The Este culture existed next to the Villanovan Culture in the Bologna area and the Golasecca culture in the western Po Valley. It was influenced by the Urnfield culture contemporary to the Hallstatt period. Este had artistic and technical influence on the Hallstatt region to the north and the Etruscan civilization to the south. Este was the center of the so-called situlae art. In particular, situlas decorated with horizontal rows of animals and human figures are characteristic of this culture. One of the most famous of these is the Benvenuti Situla (600 BC).

The evolution of the bronze foil works can be traced to the end of the 4th century BC. The Este culture withstood the invasion of the Celts, and was only later absorbed by Rome.

Several archaeological discoveries provide evidence that Este was an important centre of Venetic culture from the 7th to the 4th century BC. They had a large shrine to the god or goddess Reitia and a school for scribes.

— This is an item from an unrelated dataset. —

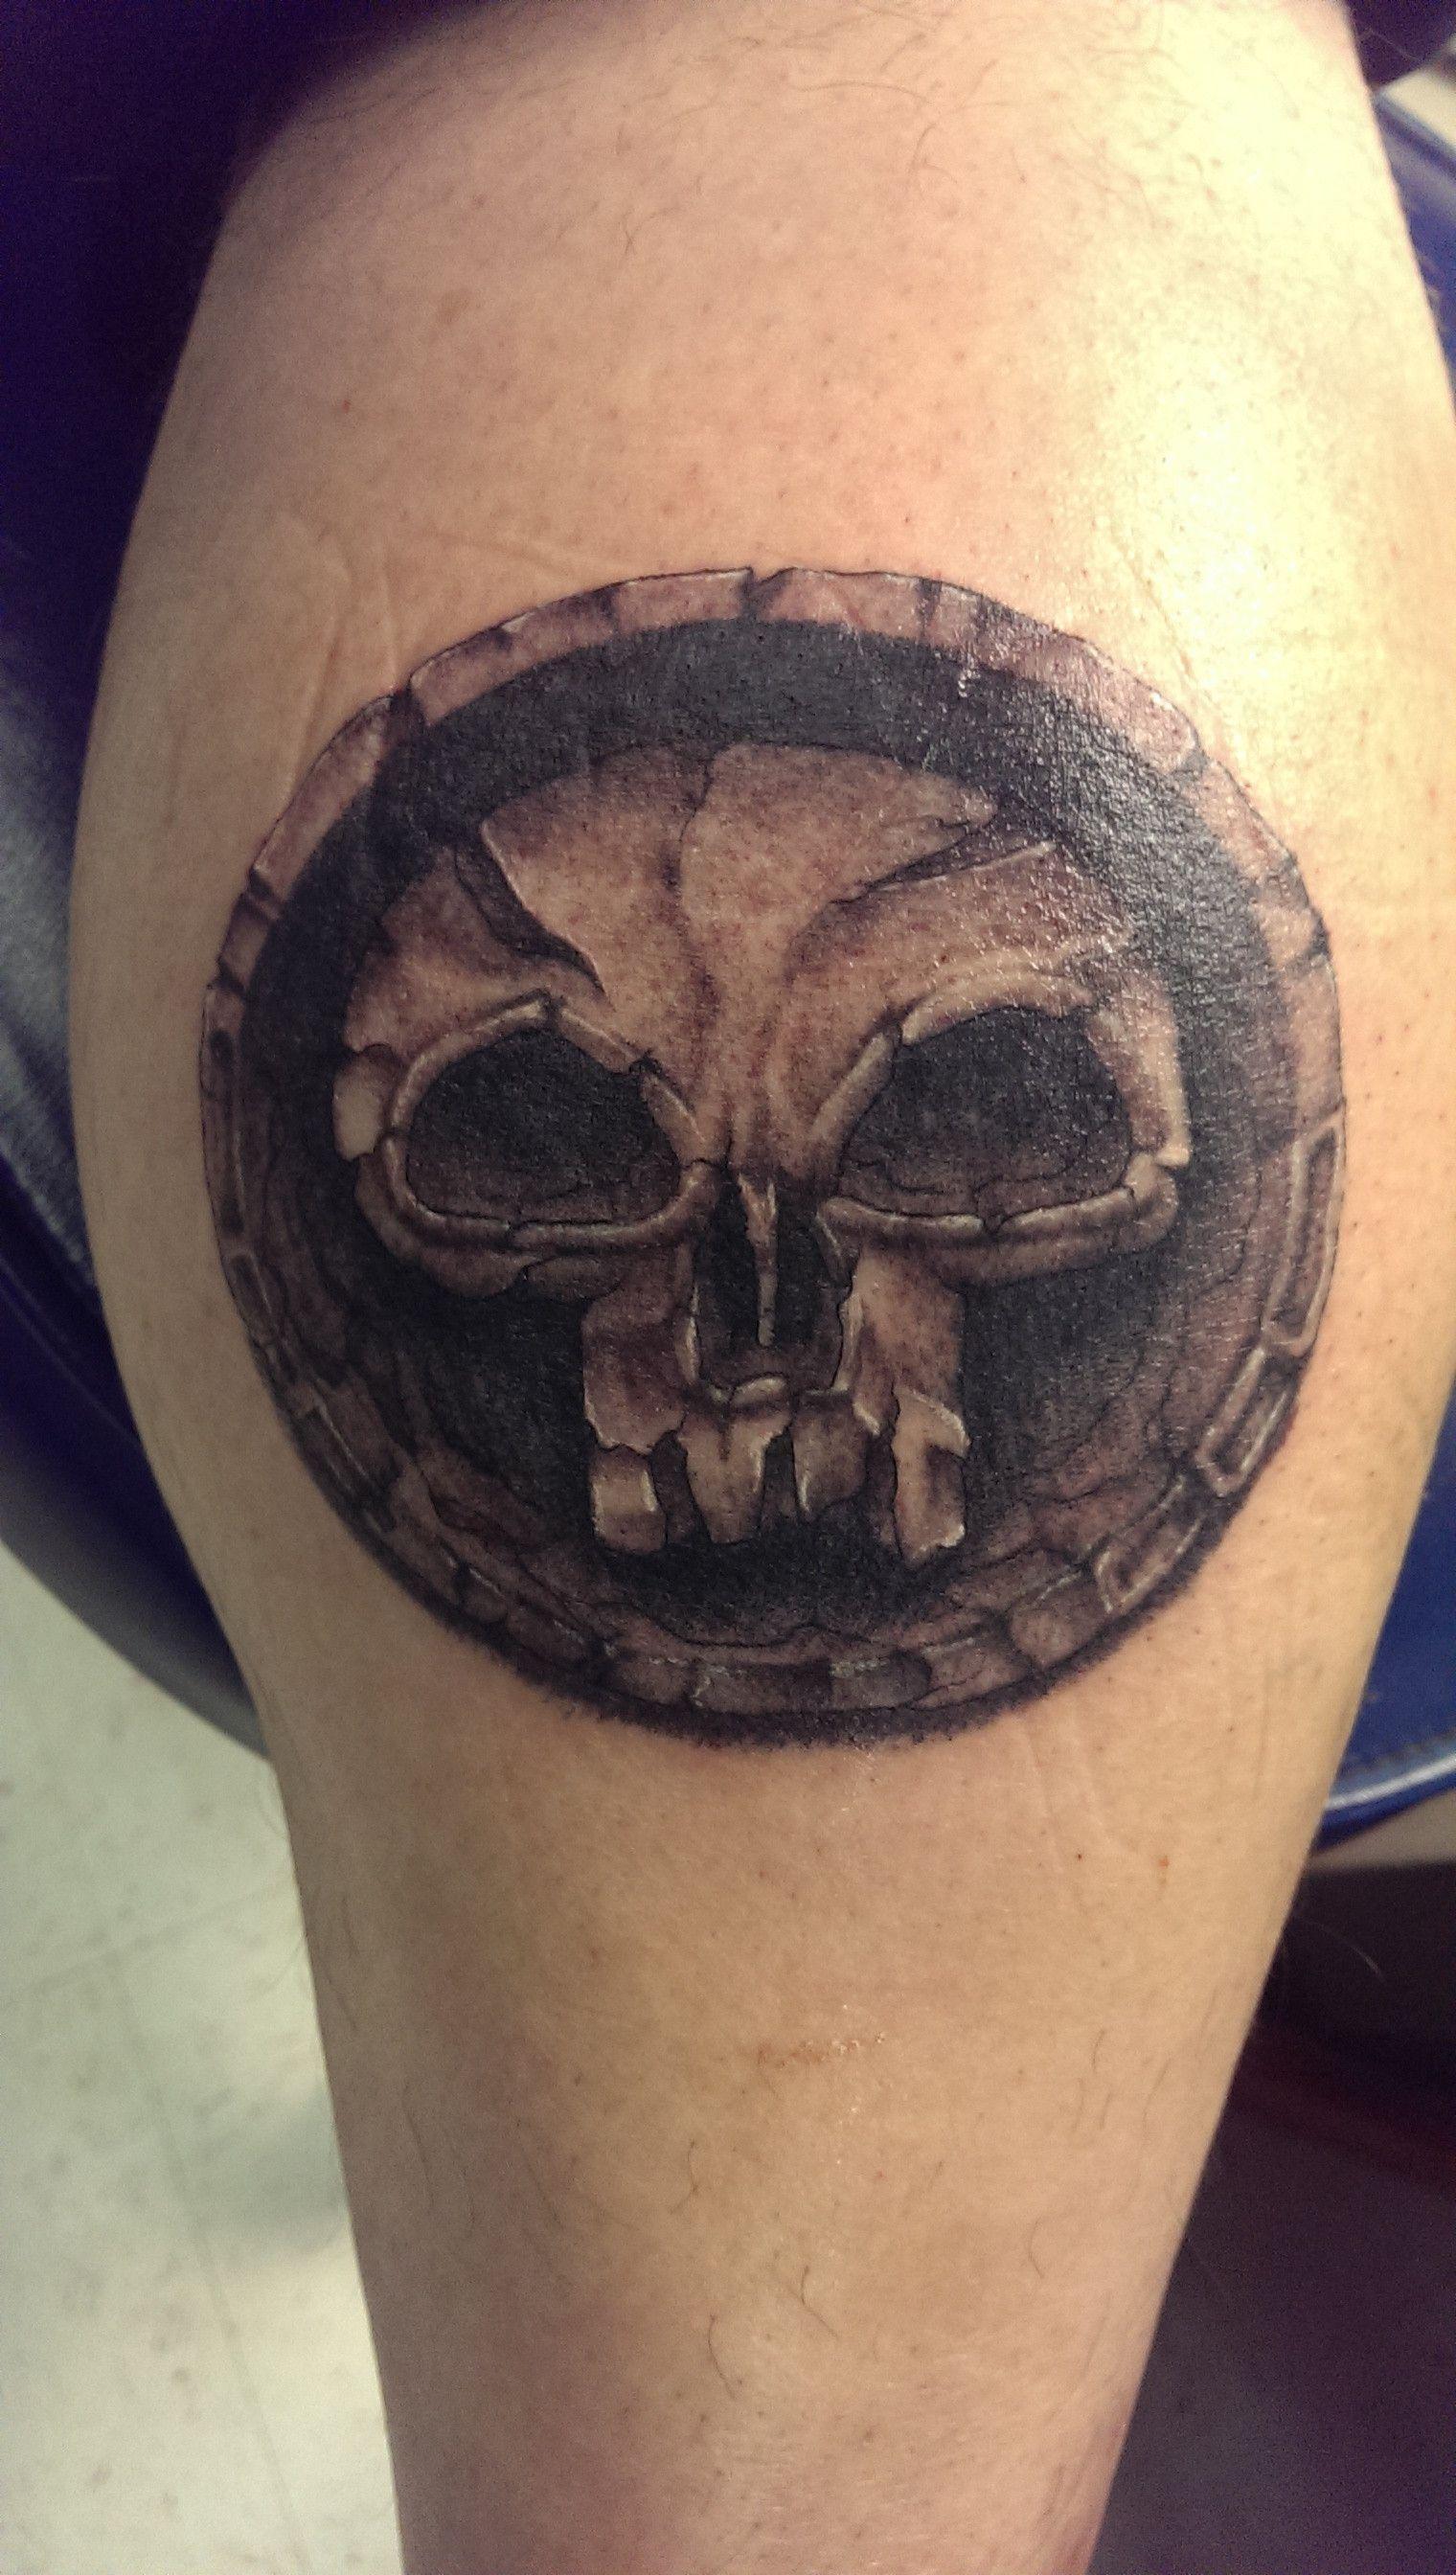 Jma4l7tg 15202688 pixels tats pinterest symbols magic the gathering black mana symbol sean diego hypnotik tattooz biocorpaavc

Archaeologists found next to small bronze statues, tools, vases and money, some 200 inscriptions in the Venetic script and the so-called Alphabet Tablets.

The Veneti (including the Este population) formed a buffer between the Illyrians, whose tribal area was located in the Balkans to the East of Trieste, and the Celts in the Po Valley. They had their own language and culture, which became increasingly open to Greek influence; but it did not imitate the Greek or Etruscan culture. The Veneti continued the tradition of the Este culture, when it expired in Este.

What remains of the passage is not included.